Charcuterie and cheese are best friends but avoid anything too spicy as it can over power your cheese. Choose 3-5 types of charcuterie, 20-40g per person is a good guide and choose contrasting shapes, colours and styles. For example Jamon Serrano, Jabali , Wagyu Bresaola and Truffle salami. Let these come to room temperature before setting them up on the board. Follow this link for some easy Charcuterie display techniques.

Something sweet and something salty.

Sweet brings the colour and the contrast to rich and spicy cheeses. Lovely fresh fruits, or dried fruit, quince or fig jam, honey is great with blue cheese, whole citrus, panforte, muscatels the world is your oyster really.

For salty some antipasto like olives, grilled peppers, cornichon or piparras.

Something a little nutty

Pecans, walnuts, almonds and pistachios are all lovely, a mix is perfect. Toast them if you have the time for the extra wow factor.

Something crispy

Offer a good selection of crackers and bread that contrast in size, colour and shape as well as flavour. For example, serve round crackers and long cracker sticks, or lavosh bites. Crackers containing nuts, seeds and dried fruits are a great way to offer variety. Italian mother-in-law tongue are always a win and some beautiful French baguette that has been sliced thinly.
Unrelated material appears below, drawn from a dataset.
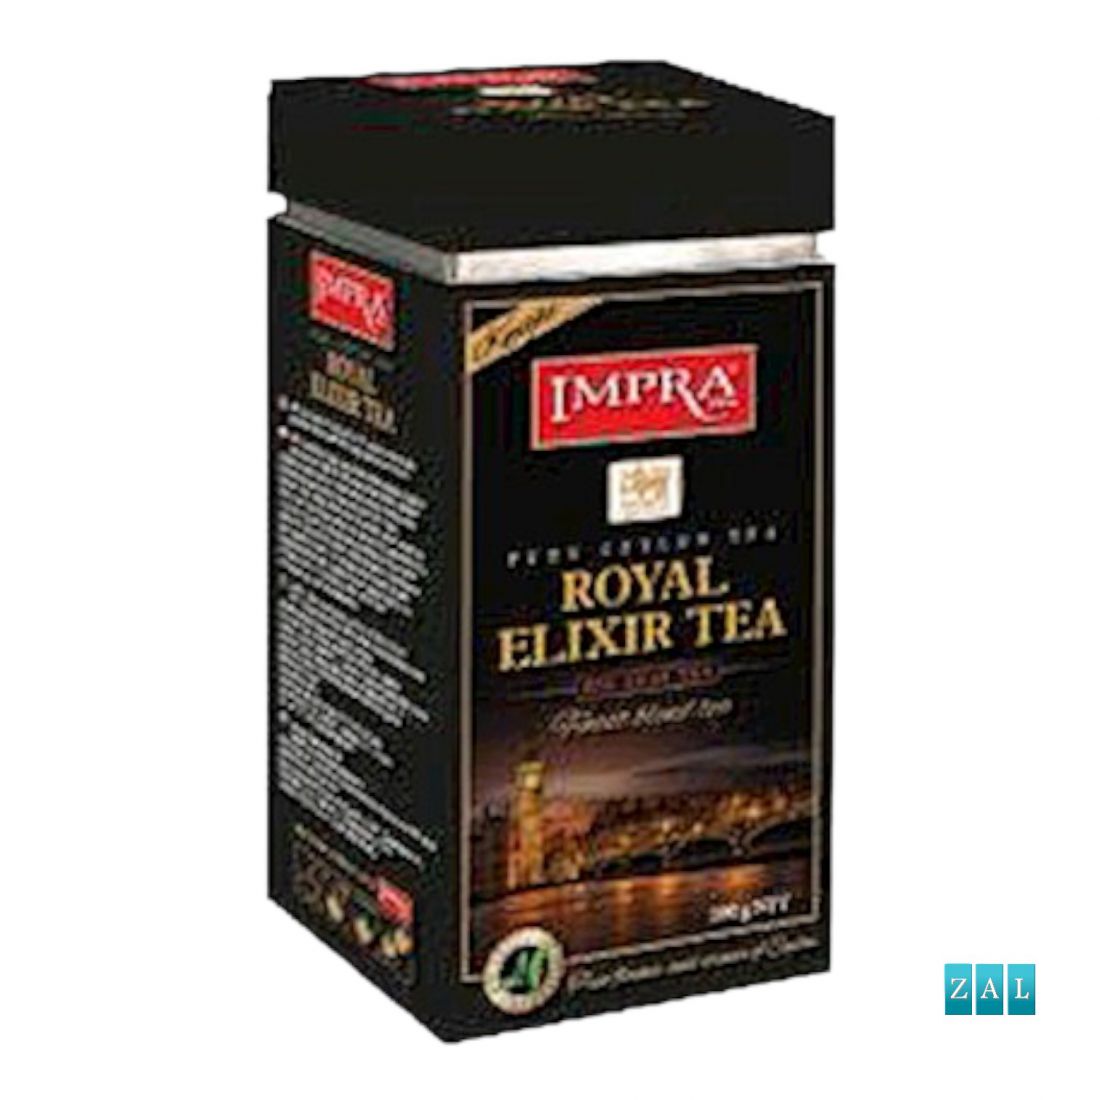 IMPRA Ceylon Royal Elixir Knight Tea 200g

Presentation tips & tricks

1) Big bits first

Start by placing big cheese pieces on the board. For best flavour, be sure to let the cheese warm to room temperature for about 30 minutes before serving depending on how warm the day is. For large rounds of cheese you can cut them in half to display the inside.

3) Fill up the space!

Place any small bowls of tapenade, olives, honey, or jam on the board. Then fill in with your charcuterie. Add colour by filling large blank areas with sliced fruit, clusters or grapes or muscatels. Spread your crackers across the board, and nuts, too. There’s no harm in repeating segments on the board to fill the space.

4) Add your pretty bits.

Place serving utensils in bowls, and position cheese knives near the relevant cheeses, you can stab them into the cheese if it looks good. Step back and observe your work. Do you see any bare spots that you could fill? For example, a wheel of Brillat Savrin can look much more impressive with a cluster of muscatels draped over it, or if you have a bit of bare space you could pop in some fresh flowers or extra dried fruit.

5) Eat, drink and be merry. If you still feel unsure just pop us a call or come in for a chat when your planning you next perfect platter, we can talk you through exactly what you need to curate your own platter.

 Bon Apetite!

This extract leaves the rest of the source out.